- [What you will do]:
The answer is to be the data that follows, transcribed exactly, minus its pictures.

┌─ Raw data

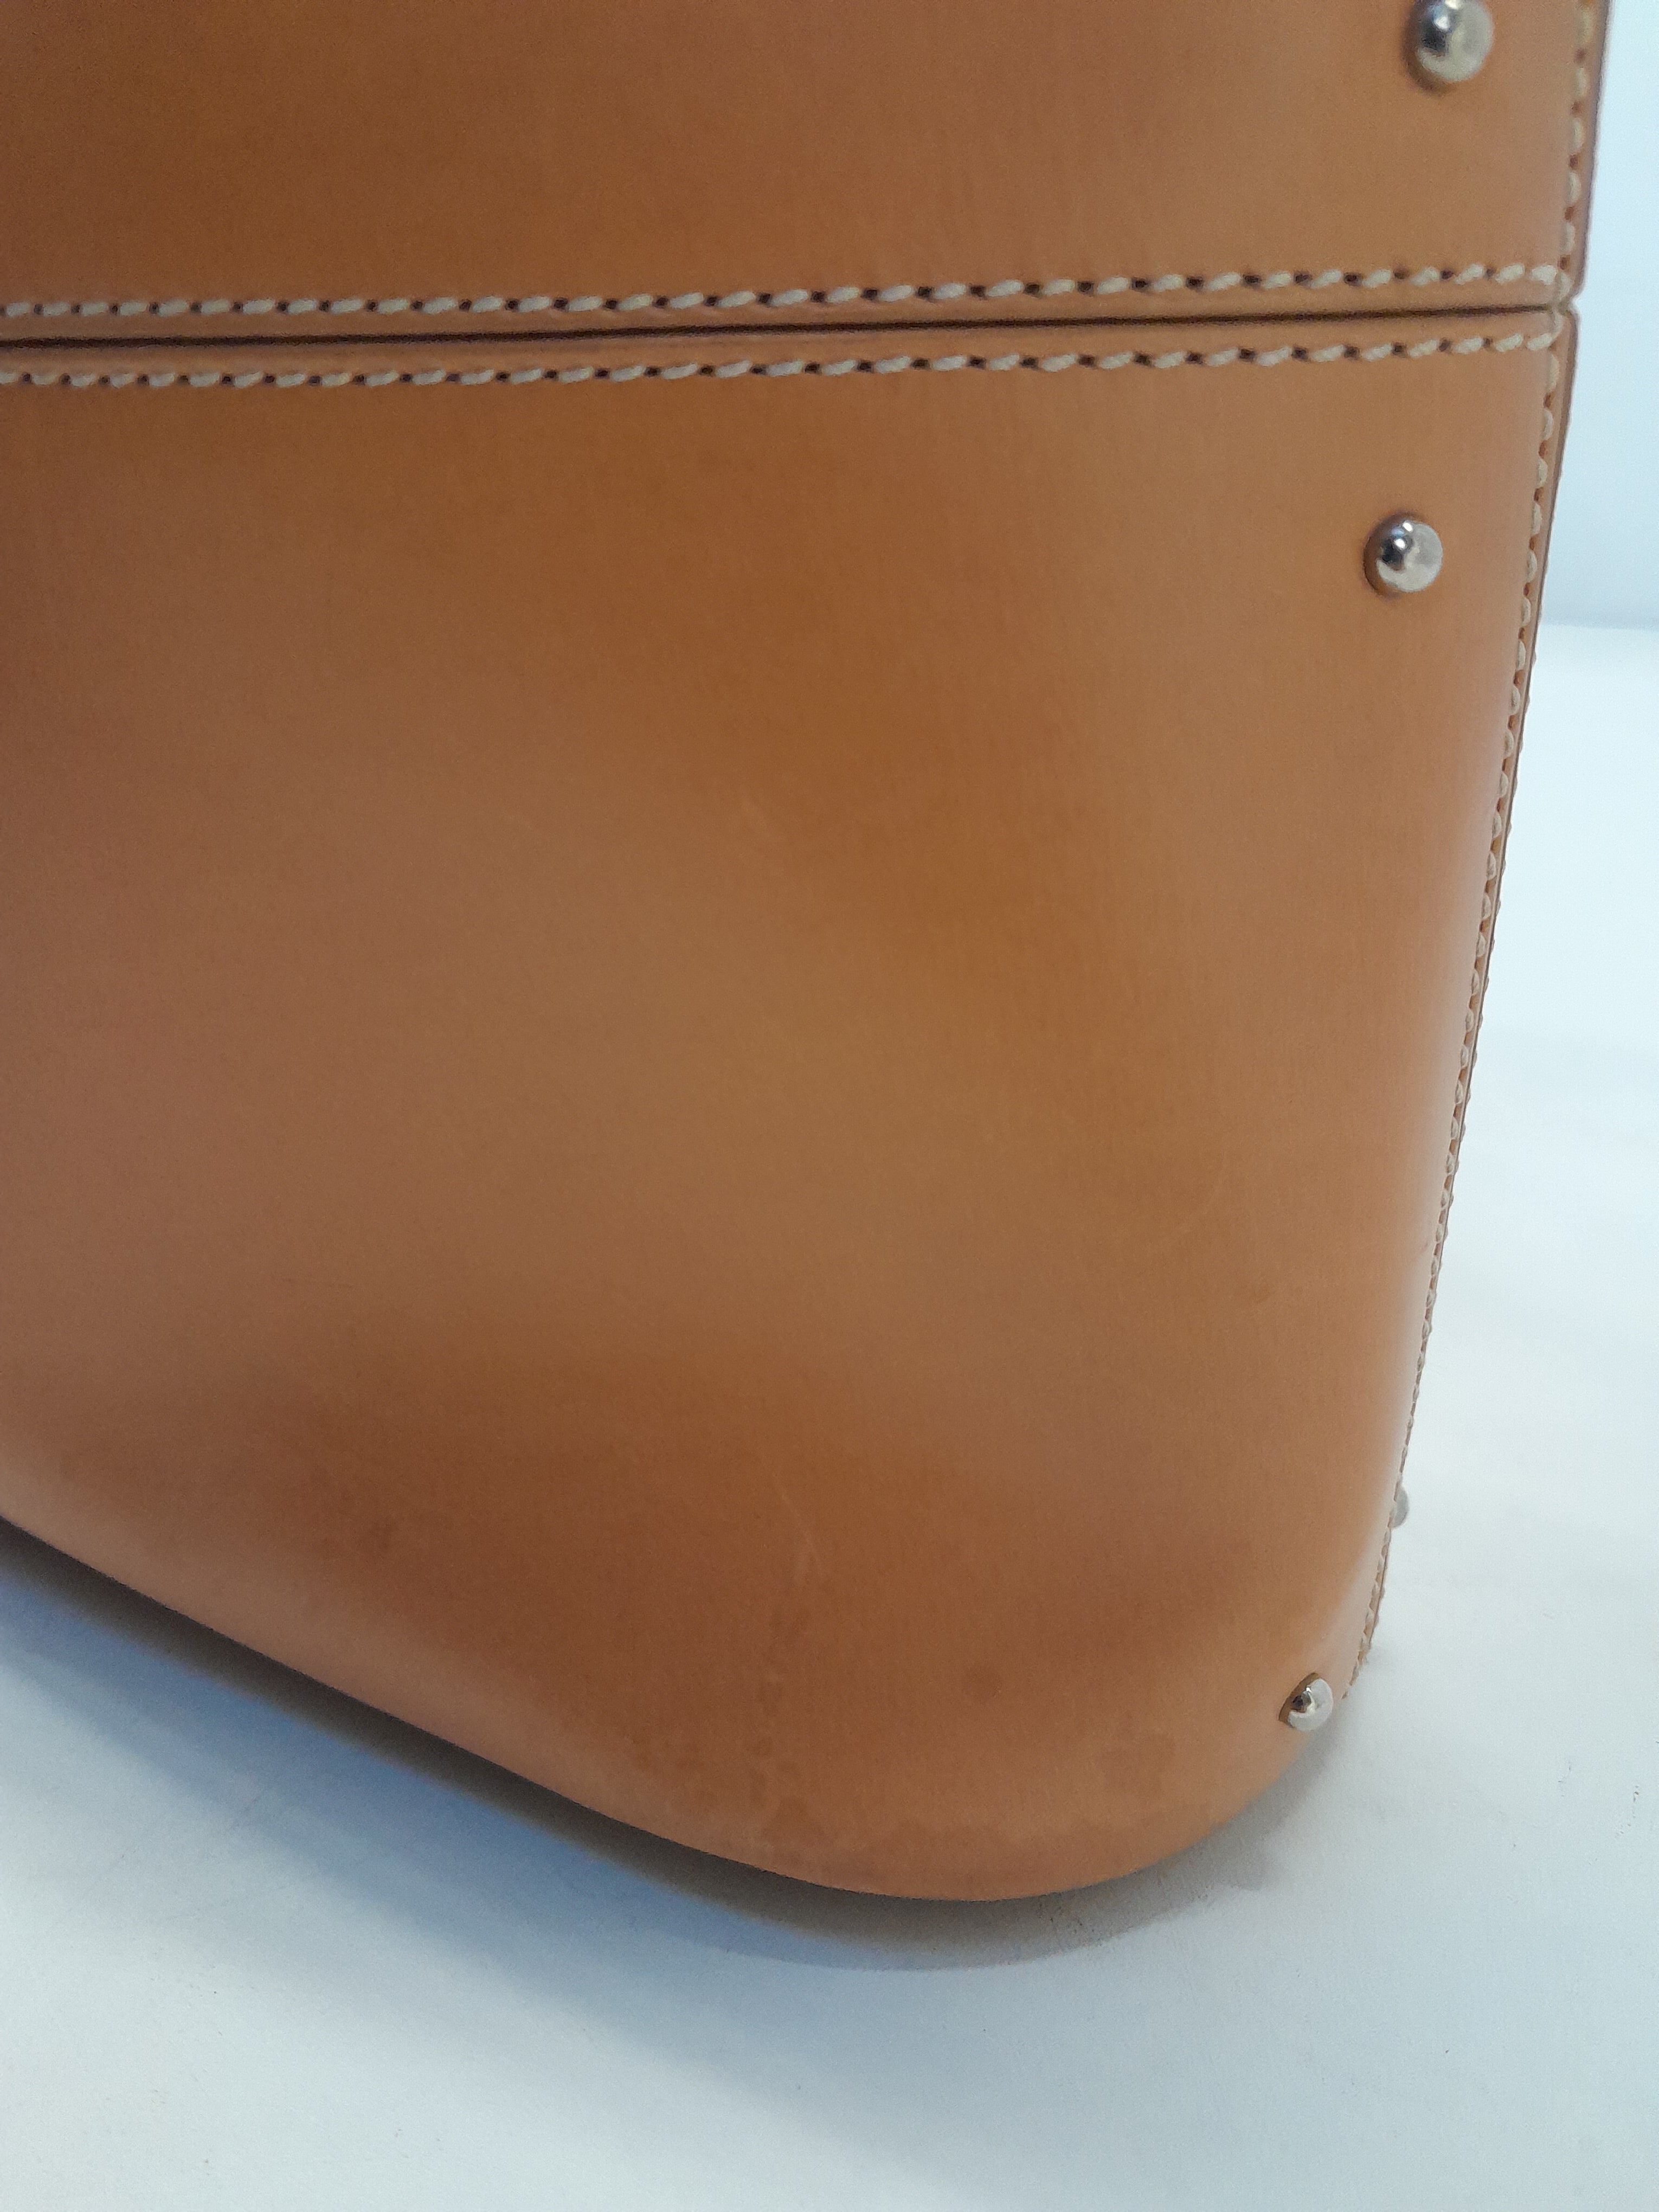 Tod's beige leather handbag
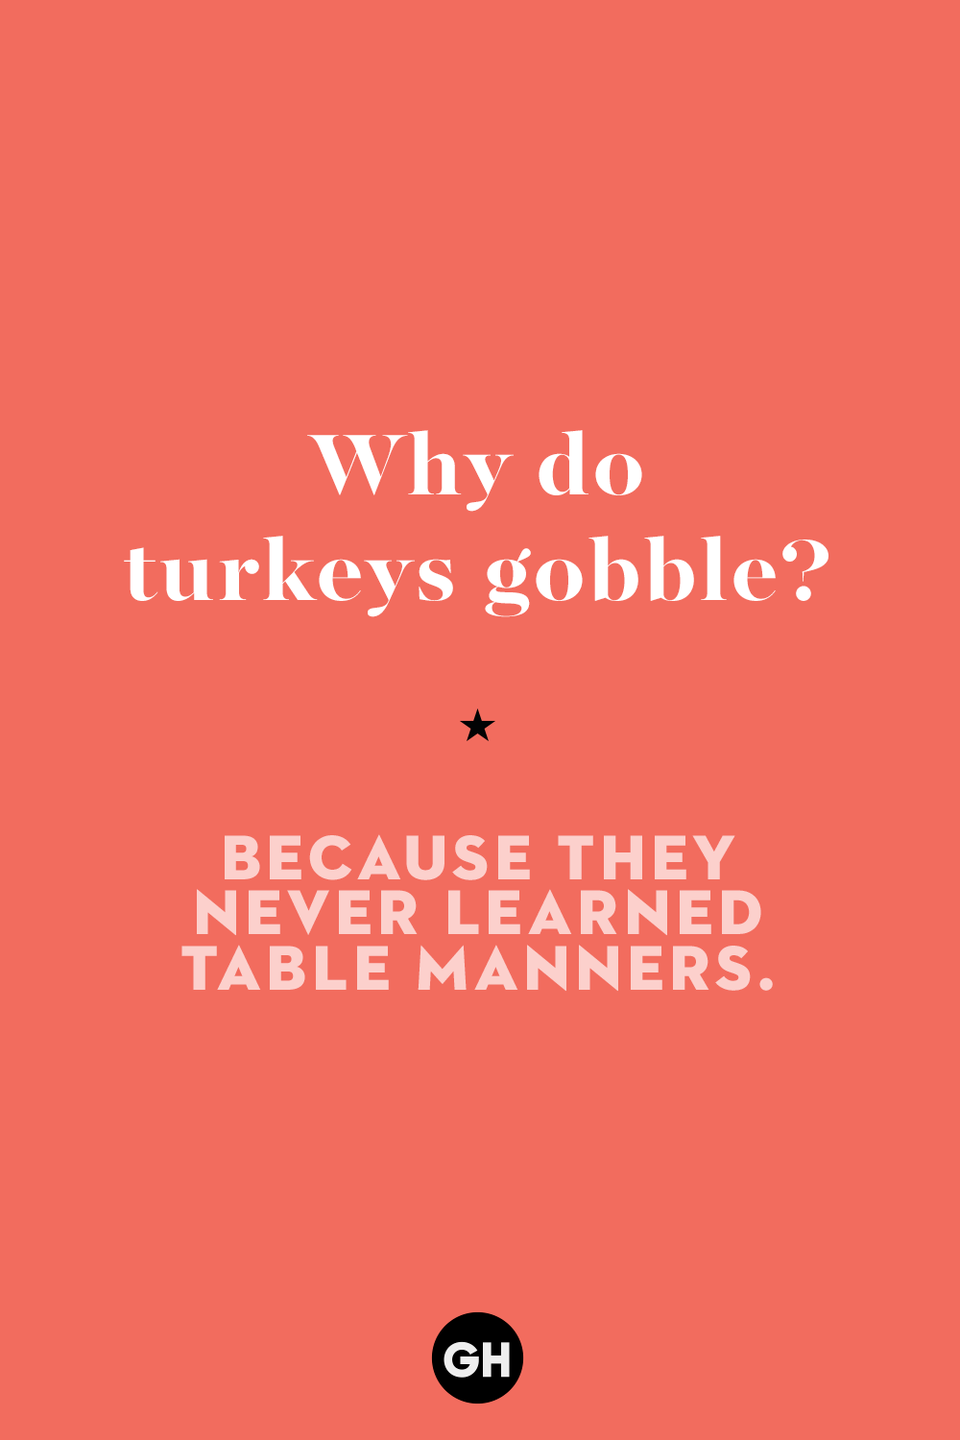 35) Why do turkeys gobble?
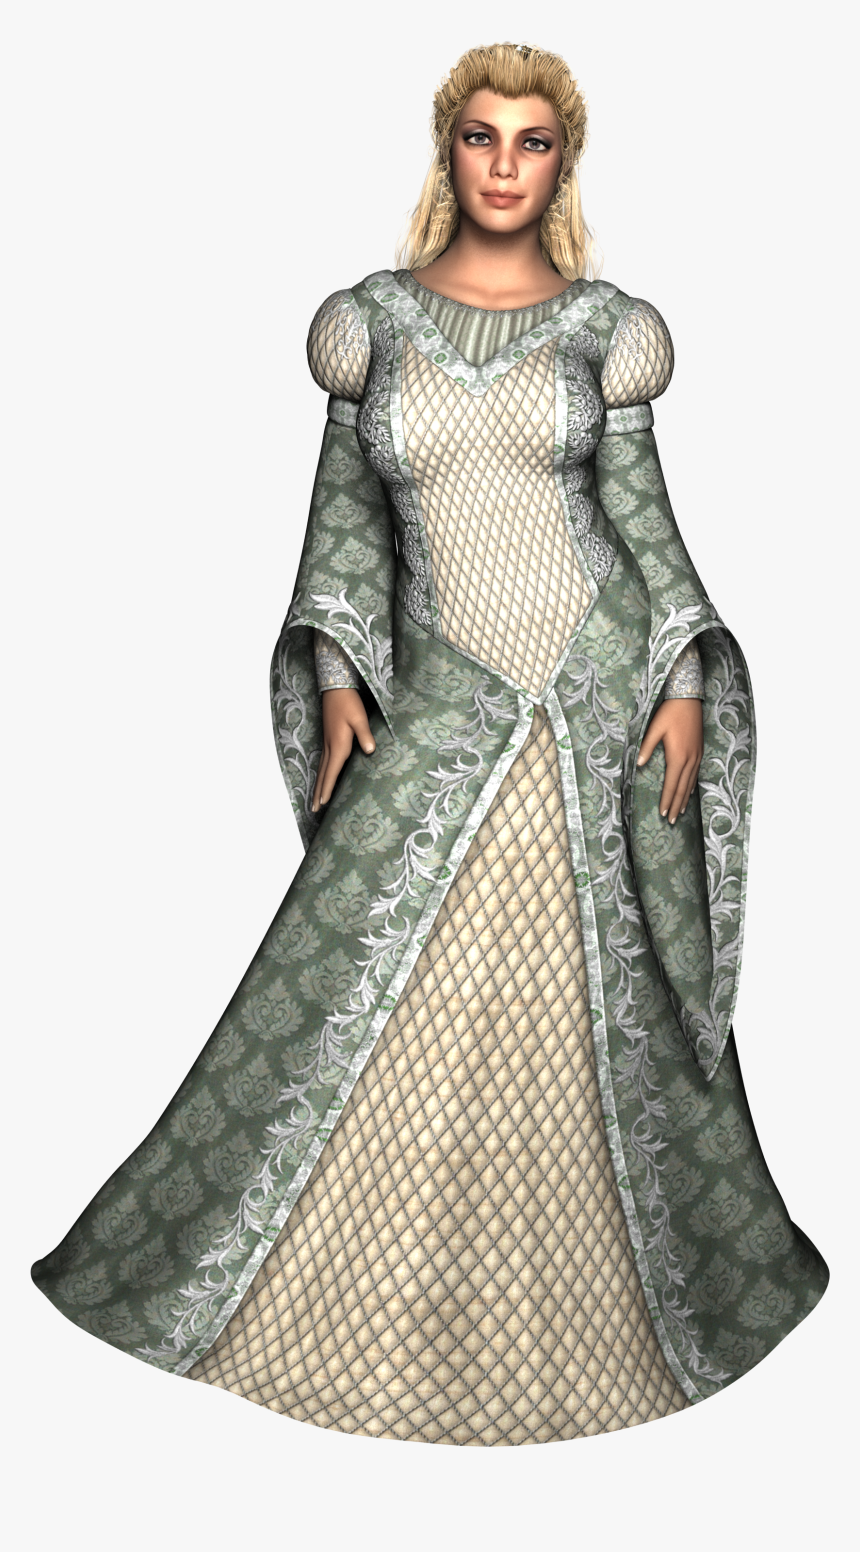 Lady Woman Gown Female Girl - Ambiorix

└─

- [Response]:
 Tod's beige leather handbag
 35) Why do turkeys gobble?
 Lady Woman Gown Female Girl - Ambiorix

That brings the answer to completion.